18 Jun 2018
Figure 1. The four overlapping regions that should be radiographed to image the lung fields; cranioventral region shown in red, caudoventral in black, craniodorsal in blue and caudodorsal in yellow.
Lower respiratory tract disease is common in equine practice and sampling is central to diagnosis in most cases, as discussed in part one of this article.
This part discusses conventional imaging modalities that can be used in further investigating lower respiratory tract disease. Thoracic radiography and ultrasonography are often underused techniques that can be performed in clinical practice and both provide valuable information.
While sampling the airways offers information on bacterial involvement and inflammatory changes at a cellular level, ultrasonography and radiography provide an overview of gross anatomy and pathology of the lung and other intrathoracic structures, as well as allowing localisation of more specific lesions (Figure 1). Imaging the thorax provides both diagnostic and prognostic information, as well as being a useful tool for monitoring disease progression.
Thoracic radiography is an underused technique in equine practice – with modern equipment and correct technique it can provide valuable information on the health or disease of the lower respiratory tract.
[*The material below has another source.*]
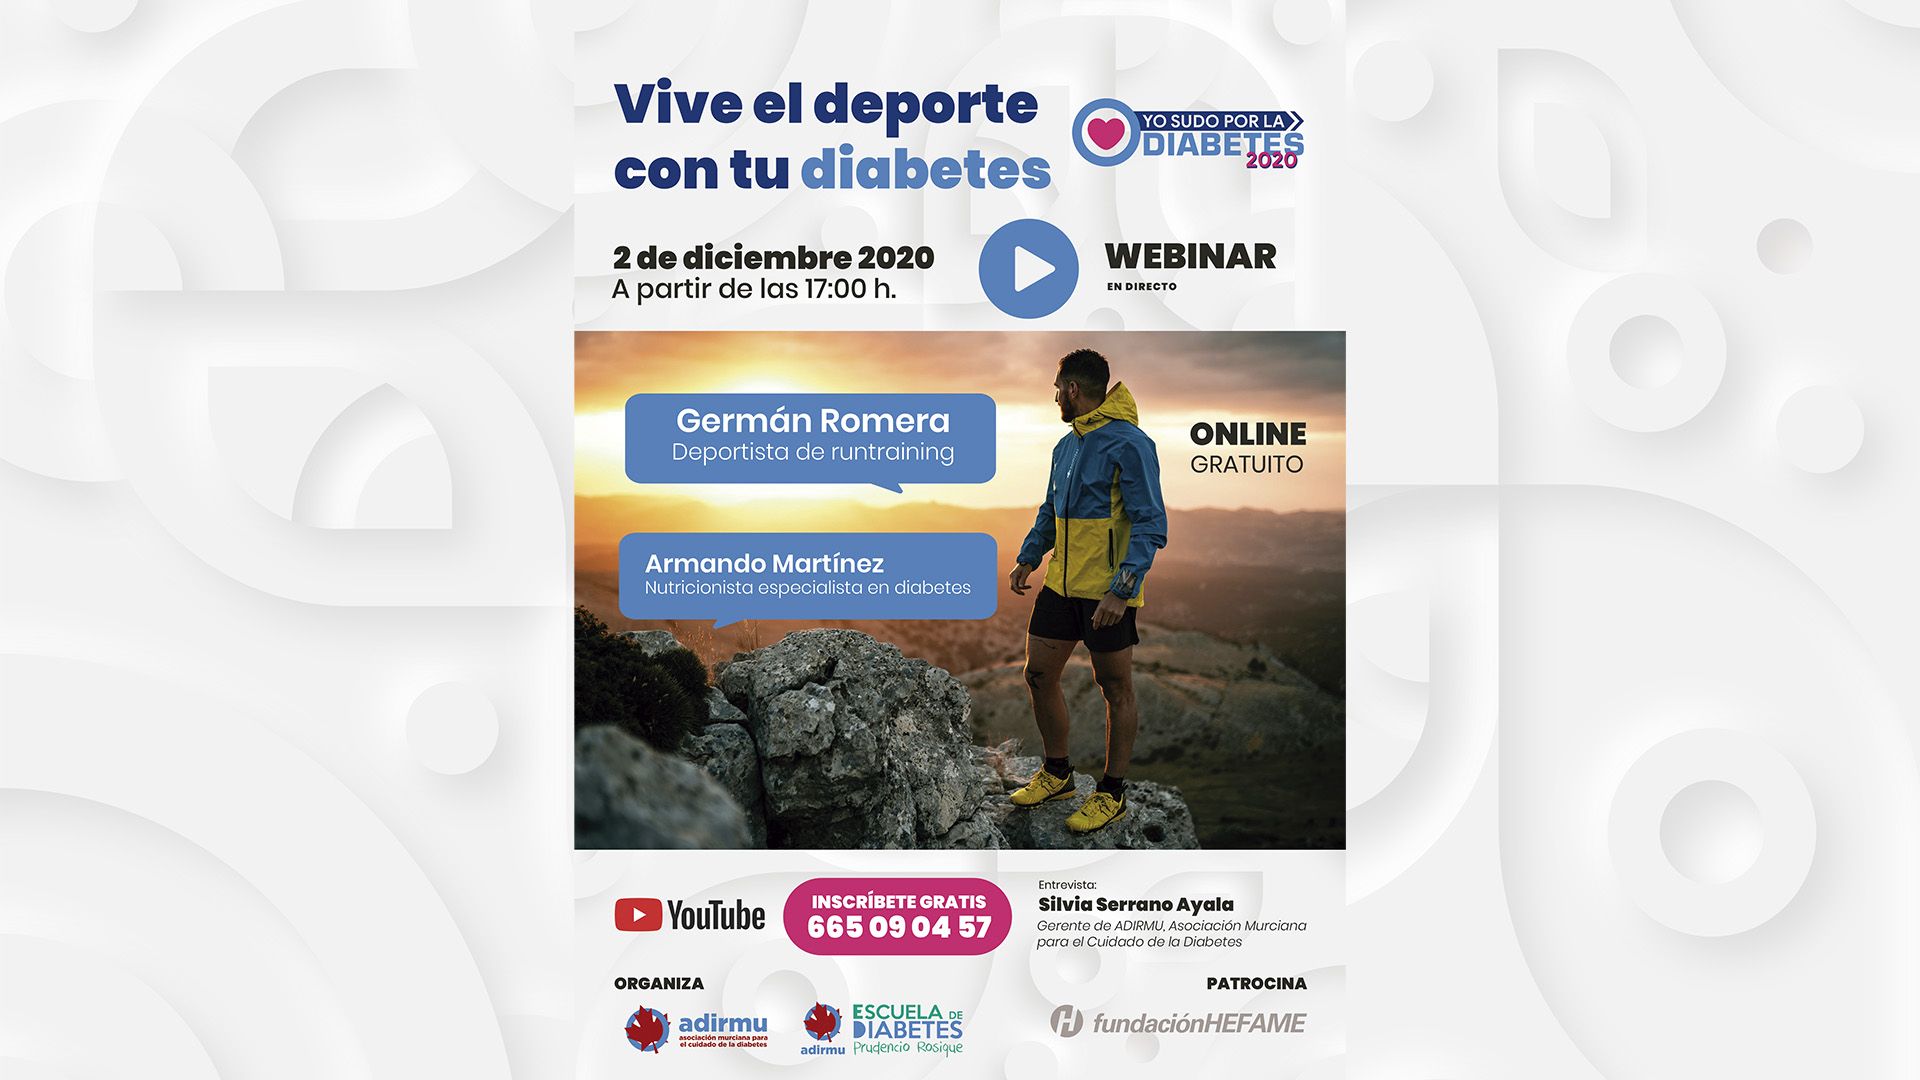 Webinar “Vive el deporte con tu diabetes”
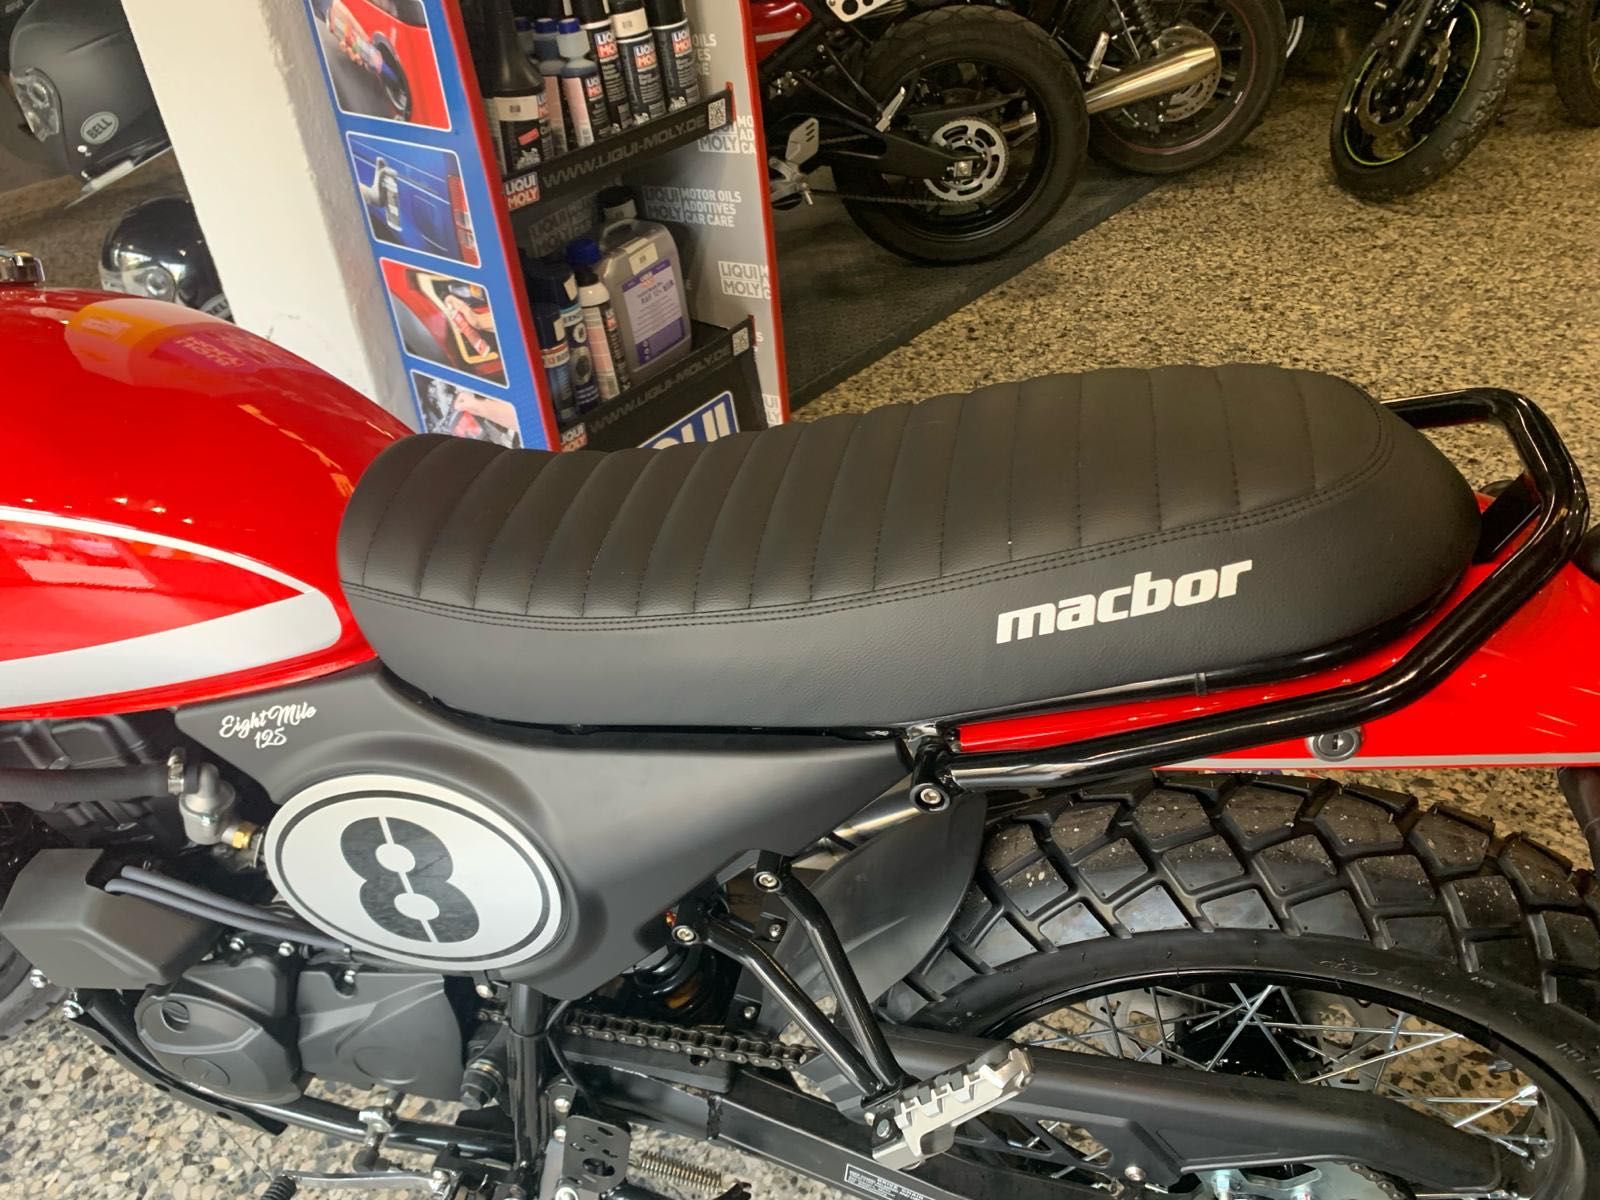 Macbor Eight Mile Uma 125 cc de extraordinario desempenho (Nova-0 Kms)

Radiography is useful in identifying horses with pulmonary parenchymal disorders or mediastinal disease and can identify gas or fluid within the pleural space. Pathology may be serially monitored radiographically once diagnosed to aid in assessment of response to treatment. Radiography may also provide a means of evaluating the lower airways when airway sampling is contraindicated due to respiratory distress.
The major benefit of thoracic radiography over ultrasonography is examination is not limited to the superficial aspects of the pulmonary parenchyma. The findings of radiography can be normal in some horses with respiratory disease, so the absence of radiographic changes does not preclude the presence of significant pathology.
The thorax is divided into four overlapping radiographic regions for the purposes of radiography: craniodorsal, caudodorsal, cranioventral and caudoventral. Laterolateral radiographs should be taken from both sides to overcome the effects of magnification and blurring that results from both normal respiratory motion – and the large distance between the pulmonary parenchyma on the side of the horse nearest the generator and the plate on the far side of the horse.
Sedation facilitates positioning of the horse and reduces risk of movement. The horse should stand square with the forelimbs extended forwards to expose the cranioventral thorax. A large plate (ideally 35cm×43cm) should be placed adjacent to the horse’s thorax, preferably with a grid or digital grid to minimise scatter.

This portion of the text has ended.